Изменить стиль страницы

— Да, кое-что со мной и вправду случилось, — сказала я, пытаясь самостоятельно удержаться в вертикальном положении, но не слишком преуспев в этом. — Впрочем, я прекрасно себя чувствую. — Вообще-то я совсем не была в этом уверена. Моя голова, похоже, стала в три раза больше обычного, она почему-то раздулась, как воздушный шар.

— В постель! — твердо произнес Джейми, подхватывая меня под руку, прежде чем я растянулась на земле. — Немедленно.

— Купаться, — возразила я. — Сначала.

Джейми посмотрел в сторону ручья.

— Ты или замерзнешь, или утонешь. Или и то, и другое вместе. Бога ради, Сасснек, поешь и забирайся под одеяло; ты вполне можешь искупаться завтра утром.

— Нет. Хочу в горячую воду. В котел. — Я не желала тратить времени на долгие споры и доказательства, но была полна решимости. Я не собиралась ложиться в постель грязной, как поросенок, чтобы потом самой же приводить в чистый вид перепачканные простыни.

Джейми раздраженно посмотрел на меня, потом закатил глаза к небу, сдаваясь.

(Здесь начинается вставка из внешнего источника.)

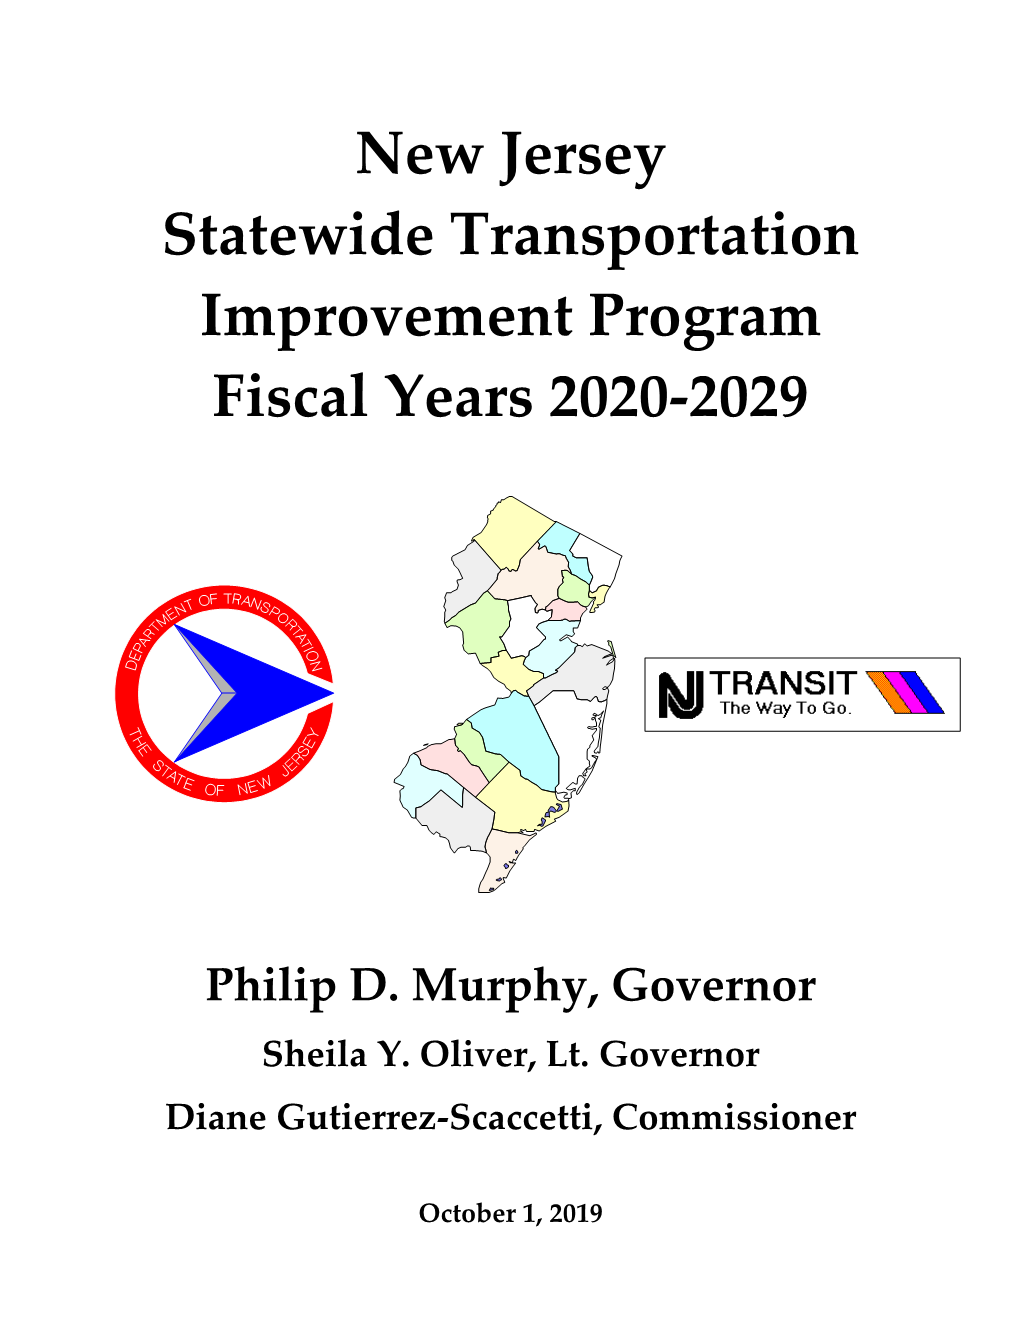 New Jersey Statewide Transportation Improvement Program Fiscal Years 2020-2029
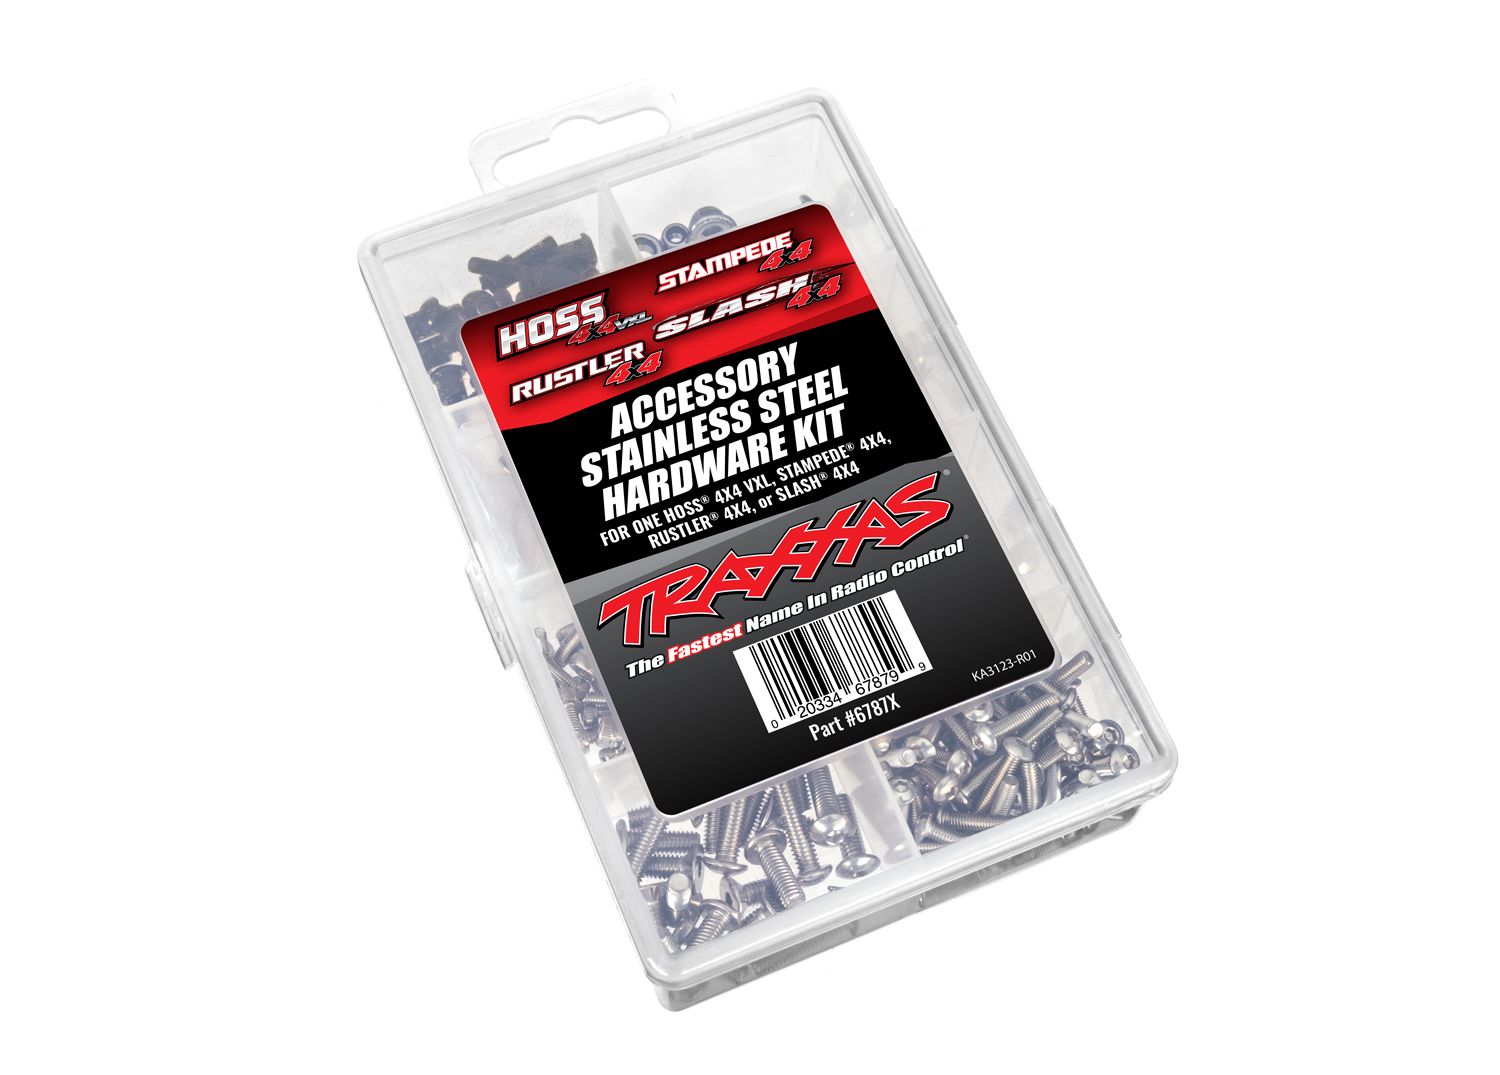 TRAXXAS 6787X Hardware kit, stainless steel, Hoss® 4X4 VXL/Slash® 4X4/Stampede® 4X4/Rustler® 4X4 (contains all stainless steel hardware used on Hoss® 4X4 VXL, Slash® 4X4, Stampede® 4X4, or Rustler® 4X4)

— Ладно, хорошо. Котел, горячая вода, прямо сейчас, — сказал он. — Ян, принеси дров, а потом пойдите с Дунканом проверить, как там свиньи. Я буду отстирывать твою тетушку.

— Я сама могу себя постирать.

— Черта с два ты можешь.

Он оказался прав; мои пальцы настолько окоченели, что я даже не смогла развязать шнурки на лифе платья. Джейми раздел меня, как будто я была маленьким ребенком; снял с меня порванную верхнюю и насквозь пропитанные грязью нижние юбки, небрежно швырнул все в угол, потом стащил сорочку и расшнуровал корсет, который я не снимала так долго, что его края врезались в мою кожу, оставив красные полосы. Я постанывала от боли и от наслаждения, освобождаясь от всей этой сбруи, осторожно растирая красные полосы и чувствуя, как восстанавливается кровообращение в верхней части тела.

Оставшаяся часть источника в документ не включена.